La transición que el Real Madrid comenzó con la salida de Cristiano Ronaldo es un momento de la entidad que ha solventado con títulos a pesar de coincidir de una situación complicada en lo económico. El Barça aún no ha sufrido ese instante en el que Leo Messi no esté, aunque este verano pueda llegar el adiós definitivo. Para los de Zinedine Zidane no ha sido fácil aplacar este déficit que deja una leyenda histórica cuando se marcha. Pero el camino para hacerlo más sencillo lo ha marcado la actitud de Karim Benzema.

Esta época de un Real Madrid a otro podría llegar a su fin con la llegada de nuevos galácticos a partir de este verano. Pendientes de la situación de muchas de las estrellas emergentes en el panorama europeo con Kylian Mbappé y Erling Haaland como principales referentes, los merengues han decidido que volverán a hacer un importante desembolso en el próximo mercado de traspasos. Tanto es así como que se han empeñado en volver a relacionar a CR7 con la entidad; algo irreconducible.
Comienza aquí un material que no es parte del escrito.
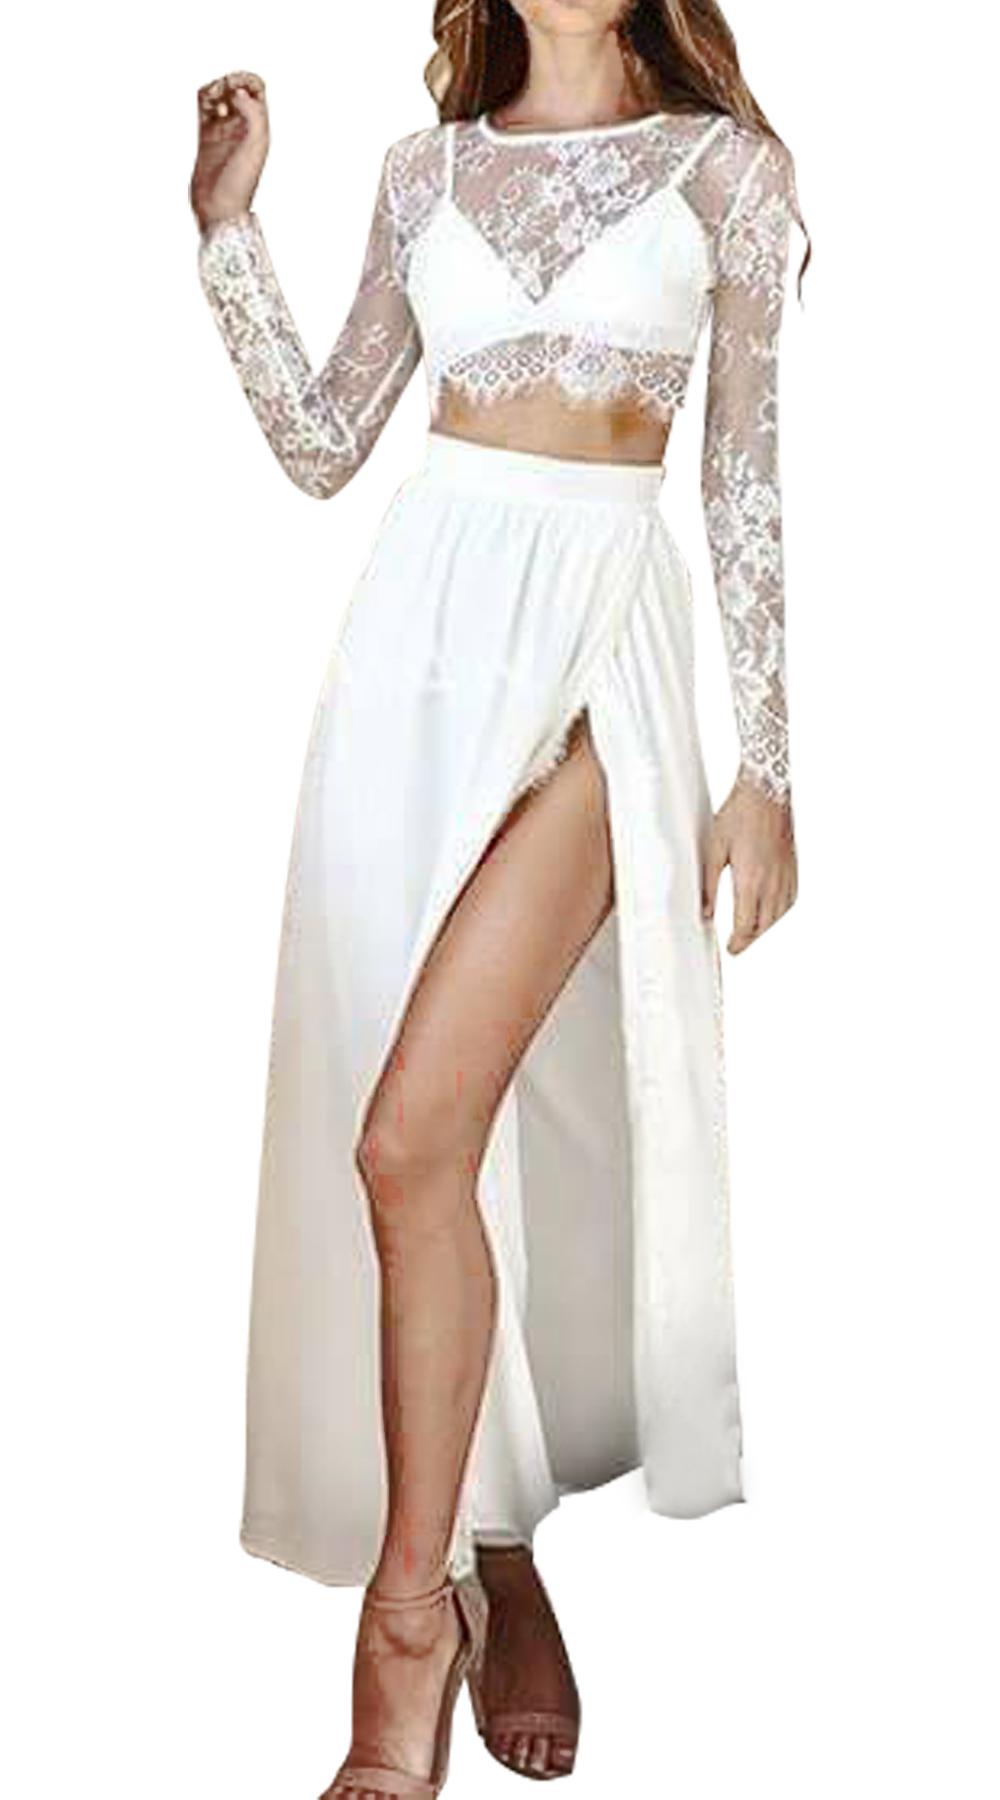 Σετ δαντελωτής μπλούζας και φούστας με high split - MissReina - S18SOF-51718 top trends glam occassions

Mientras tanto, si los blancos lo están peleando todo es por el rendimiento de Benzema. En la primera temporada sin Cristiano, el francés hizo notar su cambio de mentalidad siendo más goleador que en el pasado. En la segunda, la consecución de La Liga le tuvo como principal responsable y le llevó a pelear con Messi el pichichi del campeonato. Las capacidades del delantero, superada la treintena, han sufrido un importante vuelco positivo.
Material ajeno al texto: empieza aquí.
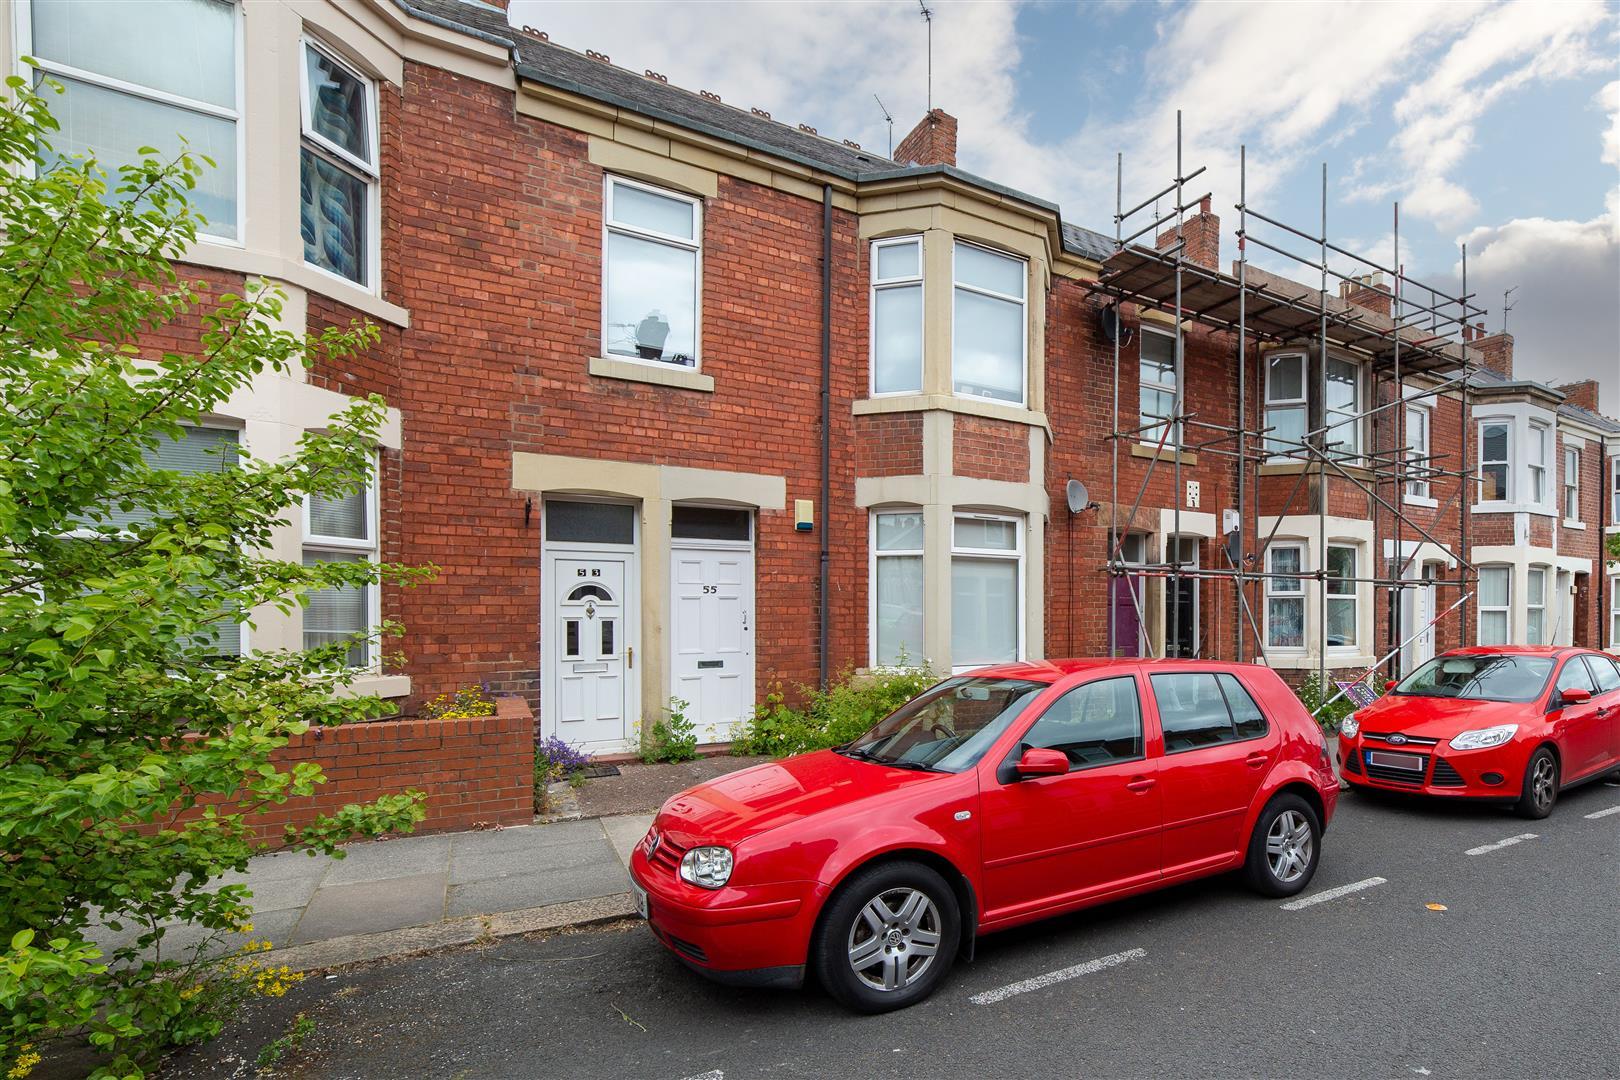 3 bed flat for sale in King John Terrace, Heaton, NE6

Karim Benzema celebra su gol al Elche REUTERS

El francés ha anotado 25 goles en cada una de las dos temporadas que el luso ha estado fuera del Real Madrid y este año va camino de mejorar ese registro en La Liga. Aunque son cifras terrenales, muy lejos de lo que hacían las dos leyendas en los años en los que mantenían su particular pulso, son números que permiten a cualquier equipo pelear por el campeonato. Los 15 que lleva en el campeonato nacional tienen a los merengues en la lucha por el campeonato.

Líder

El francés sacó adelante la remontada frente al Elche en un partido vital para mantenerse en la lucha por La Liga. Después de tener varias ocasiones claras, su olfato goleador salió a relucir con la determinación que necesitaba su equipo en ese instante. Dio la vuelta al 0-1 con un cabezazo impecable y un golpeo colocado imposible para Edgar Badía. El galo ponía de nuevo a los merengues a seis puntos del Atlético después del empate de estos ante el Getafe.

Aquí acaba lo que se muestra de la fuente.